Notes: We have been unable to trace the holotype of P. pachystimae (USA, Wyoming, Hoback Canyon, near Granite Creek, on Paxistima myrsinites, 1 Aug. 1940, L.E. Wehmeyer No 1198). The conidia of P. pachystimae (9-14 × 4-5 μm; Wehmeyer 1946) are much narrower than those of P. paxistimae (10-16 × 6-8 μm).
Phyllosticta philoprina (Berk. & M.A. Curtis) Wikee & Crous, comb. nov. MycoBank MB805660.
Basionym: Sphaeria philoprina Berk. & M.A. Curtis, Grevillea 4 (32): 154. 1876.
≡ Guignardia philoprina (Berk. & M.A. Curtis) Aa, Stud. Mycol. 5: 44. 1973.
For additional synonyms see van der Aa (1973).
Specimens examined: Spain, on living leaf of Ilex aquifolium, July 1970, H.A. van der Aa, specimen CBS H-13113, culture CBS 587.69. Germany, on Ilex aquifolium, Aug. 1972, R. Schneider, CBS 616.72.
Notes: The oldest name for a Phyllosticta sp. occurring on Ilex is Sphaeria philoprina. However, this name was based on material collected in the USA, and the present isolates were derived from European collections.
Phyllosticta podocarpicola Wikee, Crous, K.D. Hyde & McKenzie, sp. nov. MycoBank MB805661. Fig. 19.
Etymology: Named after the host genus from which it was collected, Podocarpus.
Conidiomata (on PNA) pycnidial, solitary, black, erumpent, globose, exuding colourless to opaque conidial masses; pycnidia up to 200 μm diam; pycnidial wall of 3-6 layers of brown textura angularis; inner wall of hyaline textura angularis. Ostiole central, up to 20 μm diam. Conidiophores subcylindrical to ampulliform, reduced to conidiogenous cells, or with 1-2 supporting cells, at times branched at base, 10-25 × 4-6 μm. Conidiogenous cells terminal, subcylindrical to doliiform, hyaline, smooth, coated in a mucoid layer, 10-17 × 4-6 μm; proliferating several times percurrently near apex. Conidia 12-13(-16) × 8-9(-9.5) μm, solitary, hyaline, aseptate, thin and smooth walled, coarsely guttulate, or with a single large central guttule, broadly ellipsoid, tapering towards a narrow truncate base, 2-5 μm diam, enclosed in a thin, persistent mucoid sheath, 3-4 μm thick, and bearing a hyaline, apical mucoid appendage, (25-)30-45(-55) × 3-4(-5) μm, flexible, unbranched, tapering towards an acutely rounded tip.

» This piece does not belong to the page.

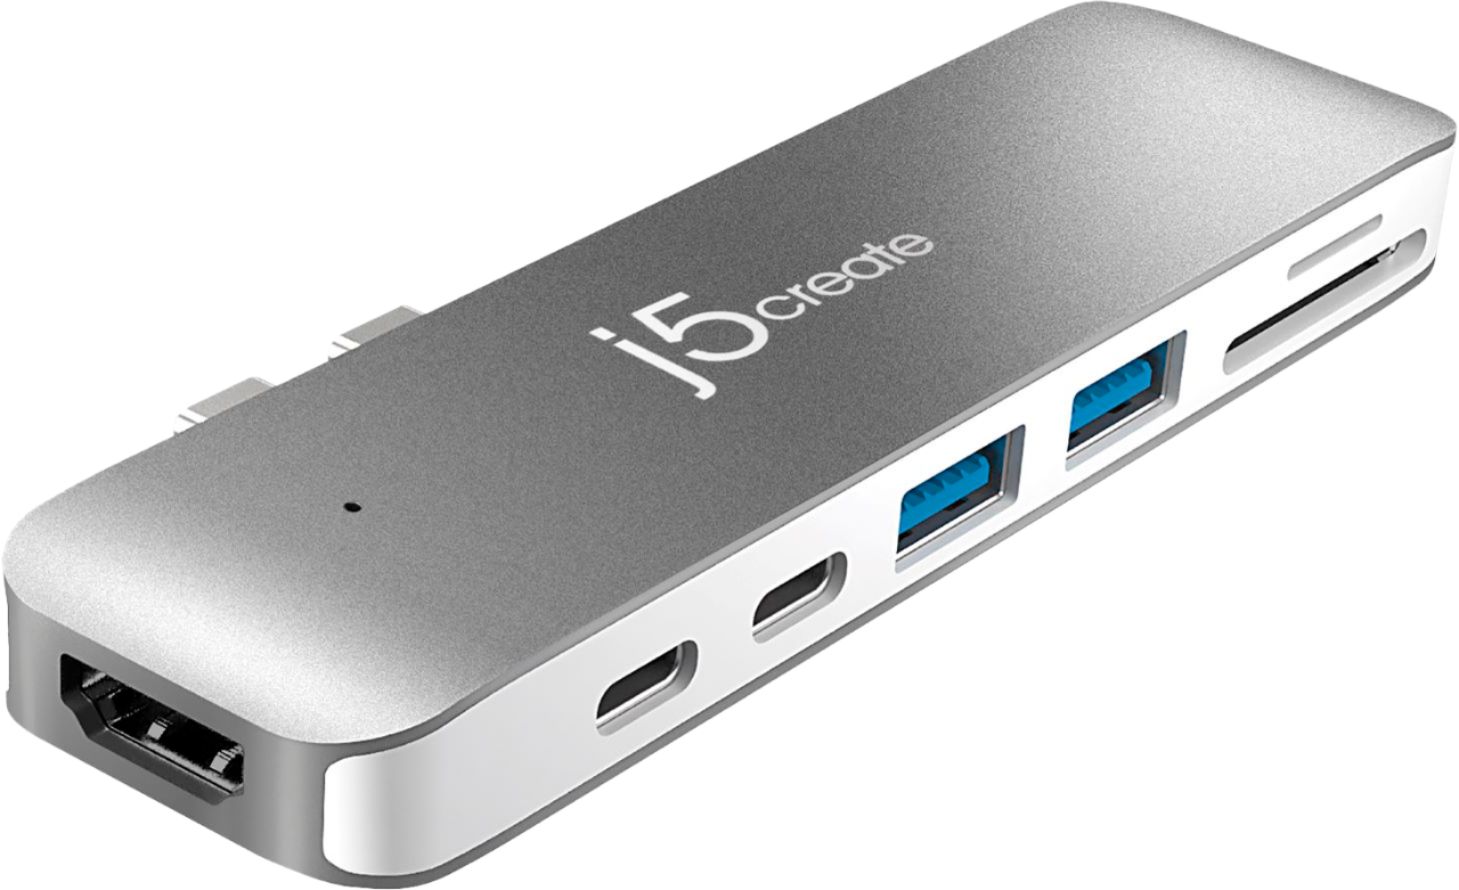 j5create JCD382 Ultra Drive Mini Dock for Select Apple MacBook Laptops - silver $36.99

Culture characteristics: Colonies after 3 wk reaching 30 mm diam on MEA, 60 mm on PDA and OA. Colonies flattened, spreading, with sparse aerial mycelium and feathery margins. On MEA surface and reverse olivaceous-grey; on OA olivaceous-grey; on PDA iron-grey on surface and reverse.
Specimen examined: USA, Florida, on seed of Podocarpus maki (intercepted in New Zealand), Sep. 1979, G. Laundon (holotype CBS H-13109; ex-type culture CBS 728.79).
Notes: The isolate described here as Phyllosticta podocarpicola (CBS 728.79) was originally treated as part of the G. philoprina species complex, from which it is phylogenetically distinct (Figs (Figs1,1, ,2).2). It is also distinct from Phyllosticta podocarpi, which was originally described from Podocarpus elongatus leaf litter collected in South Africa [conidia (10-)14(-17) × (8-)9(-10) μm, appendages 10-40 × 1.5-2 μm; Crous et al. 1996].
Phyllosticta rhaphiolepidis Wikee, C. Nakash. & Crous, sp. nov. MycoBank MB805662. Fig. 20.
Etymology: Named after the host genus from which it was collected, Rhaphiolepis.
Leaf spots irregular, pale brown. Conidiomata (on PDA) pycnidial, amphiphyllous, immersed, subglobose to globose, composed of depressed or irregular cells in 2-3 layers, dark brown to black, hyaline or paler toward the inside, 85-175 × 100-110 μm diam, with central ostiole, 10-13 μm diam. Conidiogenous cells integrated, lining the inner layer of pycnidia, hyaline, lageniform, cylindrical or conical, 3-10 × 3-4 μm, proliferating percurrently near apex. Conidia unicellular, spherical, ellipsoid to obovoid, truncate at base, later rounded at both ends, surrounded by a mucoid layer, containing numerous minute guttules, 7.5-10 × 4.6-6 μm, with a slender and short apical appendage 4-6 × 1-2 μm.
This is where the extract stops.